## Problem details
Make a word-for-word copy of the entries below from their first line through the line with "pyramid of Egypt", and add nothing.

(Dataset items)
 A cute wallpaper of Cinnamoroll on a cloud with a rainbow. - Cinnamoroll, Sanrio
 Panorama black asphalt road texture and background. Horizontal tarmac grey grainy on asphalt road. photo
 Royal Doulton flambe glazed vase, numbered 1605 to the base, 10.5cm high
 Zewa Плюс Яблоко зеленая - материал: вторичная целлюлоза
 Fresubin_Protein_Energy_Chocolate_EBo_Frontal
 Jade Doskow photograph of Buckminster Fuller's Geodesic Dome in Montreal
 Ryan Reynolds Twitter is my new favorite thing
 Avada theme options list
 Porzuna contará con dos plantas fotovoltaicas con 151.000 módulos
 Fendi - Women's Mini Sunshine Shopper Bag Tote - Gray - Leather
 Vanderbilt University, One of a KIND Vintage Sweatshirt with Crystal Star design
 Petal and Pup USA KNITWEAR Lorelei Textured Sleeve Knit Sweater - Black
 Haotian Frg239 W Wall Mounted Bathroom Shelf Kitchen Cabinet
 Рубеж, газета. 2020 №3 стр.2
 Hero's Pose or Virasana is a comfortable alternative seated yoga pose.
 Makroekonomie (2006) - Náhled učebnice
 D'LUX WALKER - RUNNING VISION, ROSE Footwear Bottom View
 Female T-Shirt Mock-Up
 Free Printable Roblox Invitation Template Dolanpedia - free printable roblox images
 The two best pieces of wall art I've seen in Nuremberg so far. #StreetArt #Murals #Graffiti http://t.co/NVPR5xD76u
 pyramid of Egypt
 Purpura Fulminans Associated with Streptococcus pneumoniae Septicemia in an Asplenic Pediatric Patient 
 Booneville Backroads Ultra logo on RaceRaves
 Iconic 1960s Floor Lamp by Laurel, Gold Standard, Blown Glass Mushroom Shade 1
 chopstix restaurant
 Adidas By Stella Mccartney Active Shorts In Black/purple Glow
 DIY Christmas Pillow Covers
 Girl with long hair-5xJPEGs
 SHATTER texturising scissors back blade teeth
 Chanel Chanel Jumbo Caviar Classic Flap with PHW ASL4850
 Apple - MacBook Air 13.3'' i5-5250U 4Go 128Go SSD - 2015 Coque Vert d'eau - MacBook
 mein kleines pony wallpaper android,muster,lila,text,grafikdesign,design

## Exercise result
 A cute wallpaper of Cinnamoroll on a cloud with a rainbow. - Cinnamoroll, Sanrio
 Panorama black asphalt road texture and background. Horizontal tarmac grey grainy on asphalt road. photo
 Royal Doulton flambe glazed vase, numbered 1605 to the base, 10.5cm high
 Zewa Плюс Яблоко зеленая - материал: вторичная целлюлоза
 Fresubin_Protein_Energy_Chocolate_EBo_Frontal
 Jade Doskow photograph of Buckminster Fuller's Geodesic Dome in Montreal
 Ryan Reynolds Twitter is my new favorite thing
 Avada theme options list
 Porzuna contará con dos plantas fotovoltaicas con 151.000 módulos
 Fendi - Women's Mini Sunshine Shopper Bag Tote - Gray - Leather
 Vanderbilt University, One of a KIND Vintage Sweatshirt with Crystal Star design
 Petal and Pup USA KNITWEAR Lorelei Textured Sleeve Knit Sweater - Black
 Haotian Frg239 W Wall Mounted Bathroom Shelf Kitchen Cabinet
 Рубеж, газета. 2020 №3 стр.2
 Hero's Pose or Virasana is a comfortable alternative seated yoga pose.
 Makroekonomie (2006) - Náhled učebnice
 D'LUX WALKER - RUNNING VISION, ROSE Footwear Bottom View
 Female T-Shirt Mock-Up
 Free Printable Roblox Invitation Template Dolanpedia - free printable roblox images
 The two best pieces of wall art I've seen in Nuremberg so far. #StreetArt #Murals #Graffiti http://t.co/NVPR5xD76u
 pyramid of Egypt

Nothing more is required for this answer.